Artykuł identyfikujący fenotypy twarzy zaburzeń genetycznych przy użyciu głębokiego uczenia zapewnia niezawodność DeepGestalt w diagnozowaniu zaburzeń genetycznych poprzez zautomatyzowaną analizę twarzy. Binarny model gestalt odróżnia określone zaburzenie od zestawu innych zaburzeń. W przypadku zespołu Cornelii de Lange, DeepGestalt osiąga 96,88% dokładności, 95,67% czułości i 100% specyficzności. W przypadku zespołu Angelmana DeepGestalt osiąga 92% dokładności, 80% czułości i 100% specyficzności. W porównaniu z poprzednim pokrewnym badaniem, oba mają bardziej precyzyjną zdolność diagnozowania. Wyspecjalizowany model gestalt służy do klasyfikowania różnych genotypów tego samego zespołu. Zespół Noonana z mutacją genu w PTPN11, SOS1, RAF1, RIT1 lub KRAS to model używany do testowania działania DeepGestalt. W tym badaniu DeepGestalt jest wersją okrojoną i przewiduje tylko pięć pożądanych klas. Rezultatem jest najwyższa dokładność wynosząca 64%, która przewyższa losową szansę wynoszącą 20%, umożliwiając genetykom badanie korelacji fenotyp-genotyp. Wieloklasowy model gestalt polega na tym, że DeepGestalt przeprowadza analizę gestalt twarzy na dużą skalę. DeepGestalt ma 90,6% dokładności w pierwszej dziesiątce w zestawie testów klinicznych i 89,4% w zestawie testów publikacji. Dokładność top-5 i top-1 dla zestawu testów klinicznych wynosi odpowiednio 85,4% i 61,3%, a dla zestawu testów publikacji odpowiednio 83,2% i 68,7%. Dlatego klinicyści mogą lepiej ustalać priorytety i diagnozować zaburzenia genetyczne za pomocą zautomatyzowanej struktury analizy twarzy. Potencjalnie DeepGestalt wnosi znaczną wartość do oceny fenotypu twarzy zaburzenia genetycznego w genetyce klinicznej, badaniach molekularnych i badaniach.

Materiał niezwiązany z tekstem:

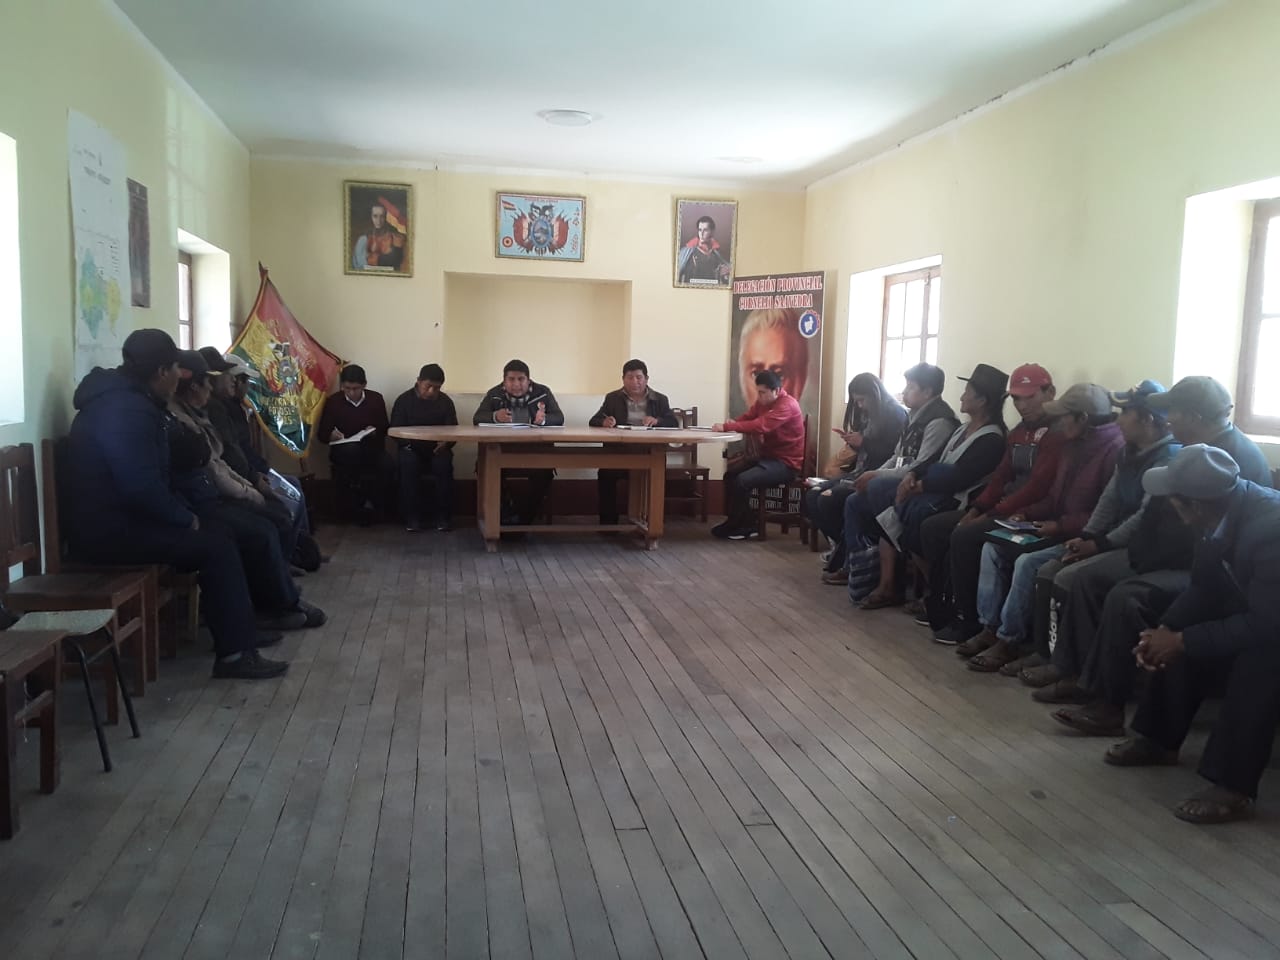 Delegación defensorial en potosí, participa de mesa de dialogo en la comunidad de Quivi Quivi.

W 2022 roku, na podstawie wcześniejszej pracy, Hsieh et al. zaproponował GestaltMatcher6, który wykorzystywał DCNN przeszkolone na zdjęciach pacjentów jako koder do konwersji zdjęć twarzy na wektory cech w celu utworzenia klinicznej przestrzeni fenotypów twarzy (CFPS). Następnie określili ilościowo podobieństwo między pacjentami na podstawie cosinusowej odległości dwóch wektorów w CFPS. Dzięki takiemu podejściu badacze mogą wesprzeć ultrarzadkie zespoły, w których brakuje obrazów do przeszkolenia, i przesunąć obsługiwane zespoły na wyższy poziom (od 299 do 1115 zespołów). GestaltMatcher może również identyfikować nowe zaburzenia. Ponadto wpisuje się w toczącą się od dawna dyskusję na temat rozróżnialności w nozologii chorób genetycznych. Obecnie analizowanych jest 11 nowych genów chorobowych, a cztery z nich zostały przesłane do recenzowanego czasopisma.